Tuesday, May 3, 2011

May 3, 2011

Today was a fun ride with Gabe.  I found a whole new series of trails at the very end of a neighboring construction site! The greatest accomplishment was just getting Gabe to only walk through them! He has so much energy that he'd rather canter or gallop everything.  That's one of the things that I love about him.  We have such similar spirits in that way.  We love to go fast and if there's a challenge we're going to try it.  But this type of thinking has also taught me a great deal.  I've learned that just because you can doesn't mean you should jump that or go that fast.  I see Gabe as such a huge gift and the last thing I want to do is to ruin that spirit within him because I allowed us to do too much.  So now I'm the thinking part of this relationship and I'm asking myself new questions.  Instead of, "I think we can make it" or "What's the worst that could happen? I've lived a good life" it's "Will this build Gabe's confidence?" or "Will this benefit our training?".  My goal is to, yes, think smarter and plan wisely, but to not lose the child-like joy and fun that comes from being with my horse.
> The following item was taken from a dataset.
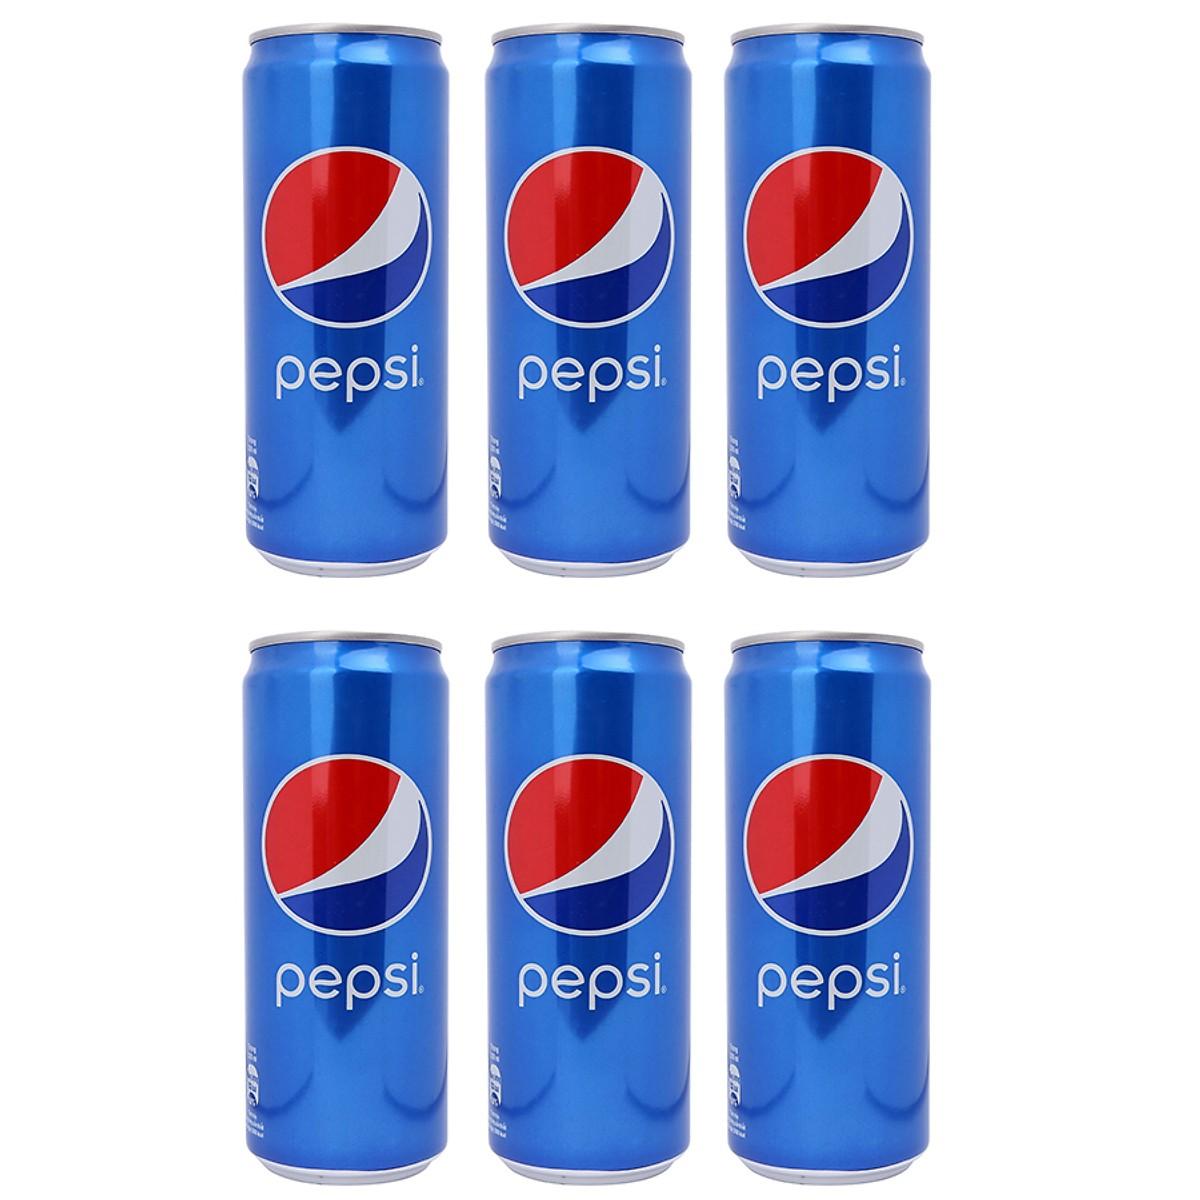 Nước giải khát Pepsi - Thùng 6 lon x 320ml

We finished the day with a short dressage test in a large sand arena that has long been forgotten.  Though the construction workers there may see it as a large sand pit, it has become my imaginary training arena, at times surrounded by stands and judges.  Amist the more realistic random plastic bags, rusted gates, and barking neighborhood dogs, who obviously don't realize Gabe has them by several thousand pounds, we practiced being round, supple, and in constant rythm.  Gabe has improved drastically over the past few months.  My desire for a good solid foundation for Gabe is finally paying off as it is taking less and less time to warm him up and to get him into a good working mind-set.  I'm glad that I have focused the past 4 months on nothing but flat work.  I do look forward to getting back into jumping and cross-country.  That time will come very soon as we are moving to Long Shadows Farm in Campobello.  They have an amazing XC course on site! Now it's time to find a trainer!    

Monday, May 2, 2011

The Beginning


Dear Family & Friends,
            I’m graduating! Finally! May 13th at 9:30 am I will officially walk across the stage in Little John Coliseum having obtained my BS in Animal and Veterinary Science with a Concentration in Equine Business Management.  I am certain that it is only by the grace of God that I am graduating.  Despite all of the setbacks, from finances to major surgeries, the finish line is in sight! This is largely due to the many people that God put along my path who encouraged and supported me.  More than a college degree, I believe that during these past years I have gained what is truly valuable and important.  Firstly, I know that I am a child of God.  That He loves me and has wonderful plans for me.  Secondly, I met and married my incredible husband, David.  Thirdly, I have been given direction for what I would like to “do” in life.  You all know that I am an animal lover.  For many years I thought that this passion would lead me to become a Veterinarian.  However, another opportunity presented itself as my dreams to become a Vet dissolved.  Several “horse people” that I admired and respected encouraged and inspired me to pursue horseback riding as my profession.  So, this was my prayer, “ God, if you want me to ride professionally, then give me a horse”.   Not even a week later that horse was given to me!  He didn’t like what I thought would be the “horse for me”.  He was emaciated, about 500lbs underweight, considered short for my discipline, a paint, skittish, highly fearfully of anything that moved and had only been trained in western disciplines.  Now this new chapter in life has begun as I take Gabe along the journey to become and International Eventer.  For those that don’t know, this is the triathlon of the horse world including dressage, cross-country, and show jumping.  Though my mount is unusual and my goals lofty, they are not unattainable.  However, I can not do this alone.  I am asking for your support, whether it be through encouraging words, prayers, or finances.  I also believe that the journey is so much greater, the finish more valuable when it has taken unity and foresight to get there.  Thank you for being a part of my life!